Singapore has pledged to spend S$9 billion on health care and other benefits for the elderly in a so-called Pioneer Generation Package for about 450,000 citizens who were at least 16 years old in 1965, when the country gained independence.

About one fifth of Singapore’s employees over 55 work part time, such as Margaret Lee, who retrained after retiring from a childcare centre to work two days a week at a school cafeteria.

“It gives me something useful to do, and some extra money to spend,” said Lee, 62, whose husband is retired. Working part time allows her to help look after her grandchildren while their parents are at work.

By 2020, more than a third of Singapore’s population will be over 50, and by 2050 the nation’s median age will be 54, according to the committee on older workers, which includes representatives from government, business and trade unions.
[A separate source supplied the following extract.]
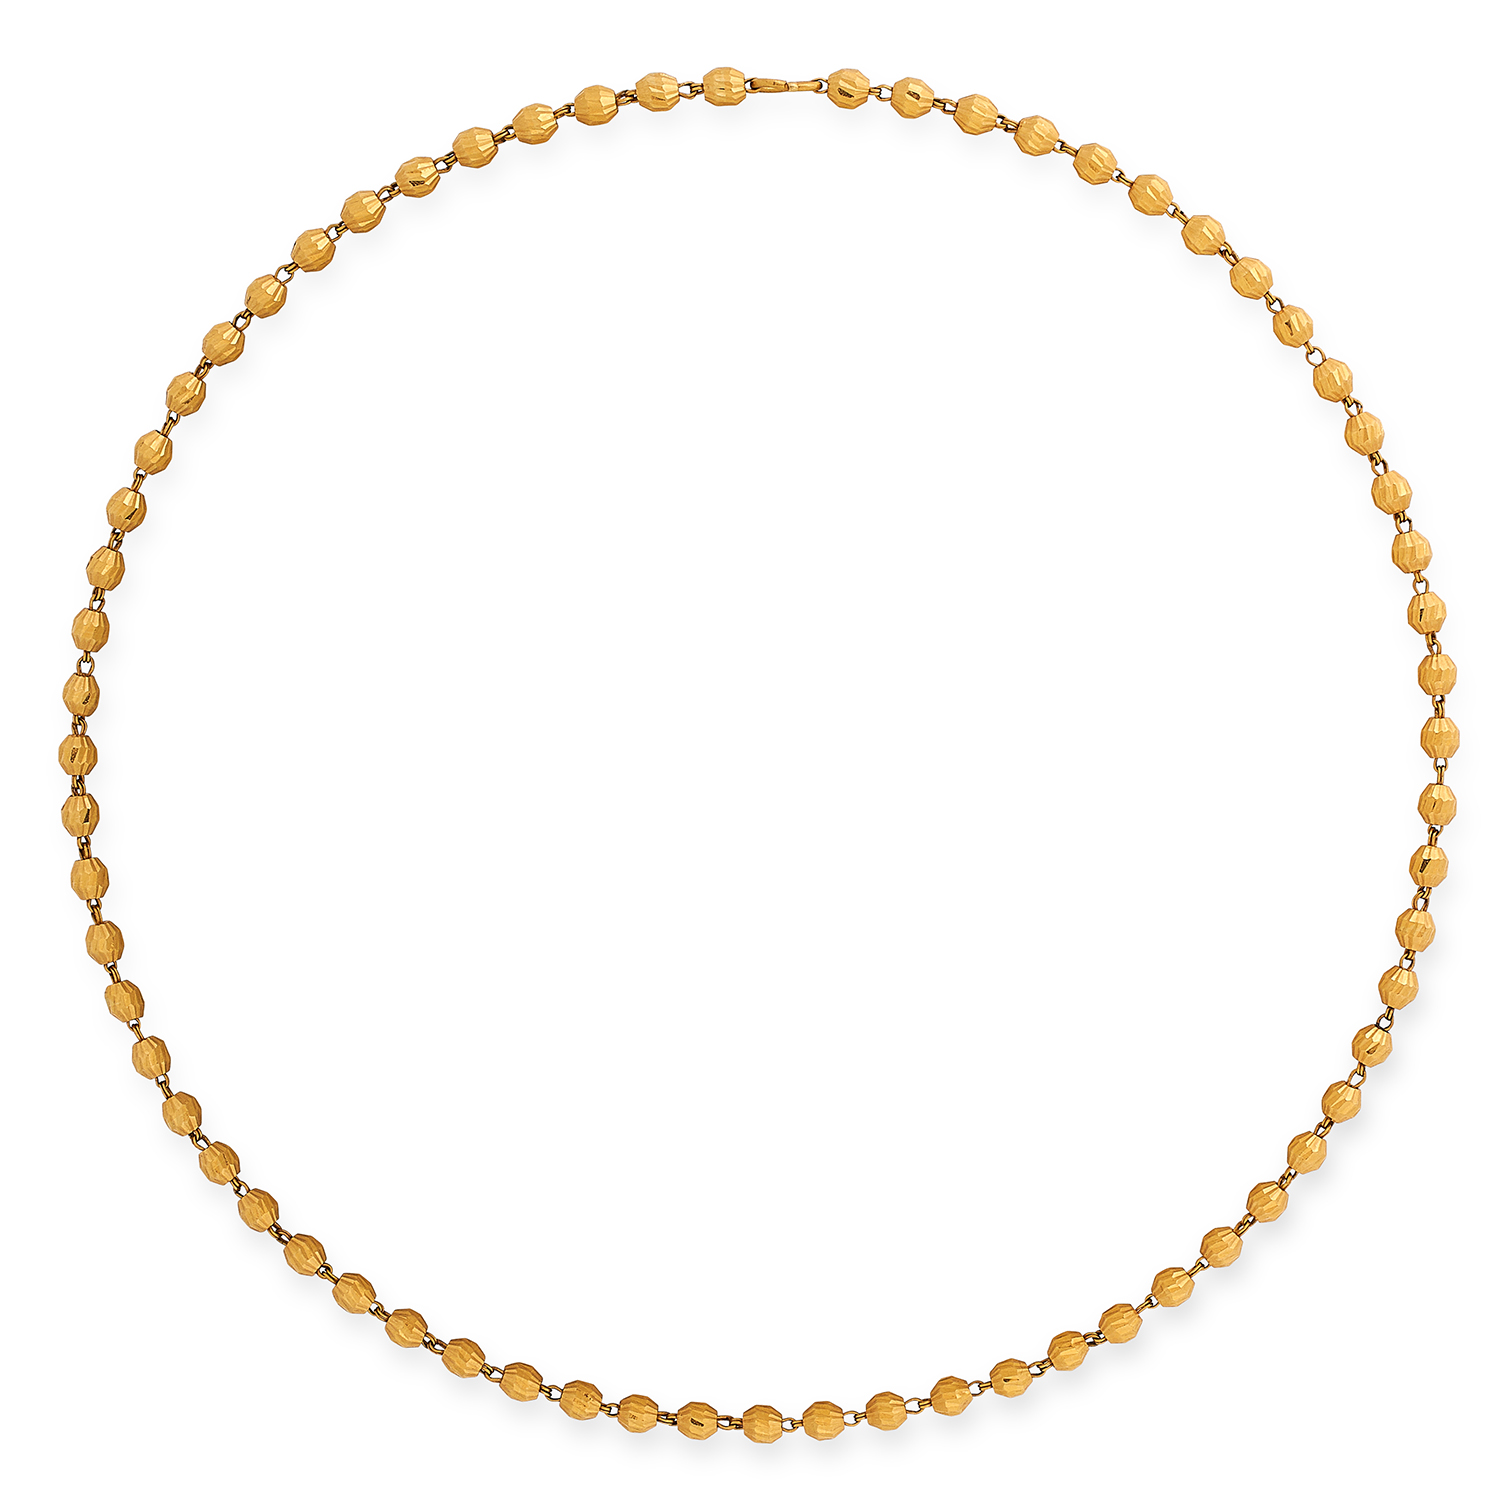 GOLD BEAD NECKLACE comprising of a single row of textured gold beads, 50cm, 20.5g.

“It has become essential to hire older workers because of the ageing population,” said Angelina Toh, co-founder of AJA Enterprises, which adapts buildings to withstand bomb blasts. She said her company employs them in supervisory and marketing roles where they adjust better than foreign workers. “They’re more mature emotionally, more independent,” Toh said.

Singaporean men live more than 20 years beyond the official retirement age on average and women 25 years, the longest out of the 68 countries in the Global Sunset Index released by Bloomberg Rankings in 2013. While retirees can draw from their pension savings at 55, at least S$155,000 must be kept in the account to provide a steady income stream.

Only one in five Singapore investors is confident their pension accounts will meet their retirement needs, with 47 per cent indicating the savings will be insufficient, according to a survey released in August by Toronto-based insurer Manulife Financial.

Auntie Helen says the money from her job in the food court covers her daily expenses and she enjoys chatting with her younger colleagues.

“What else is there for me to do, watch TV?” she said. “I was getting bored at home.”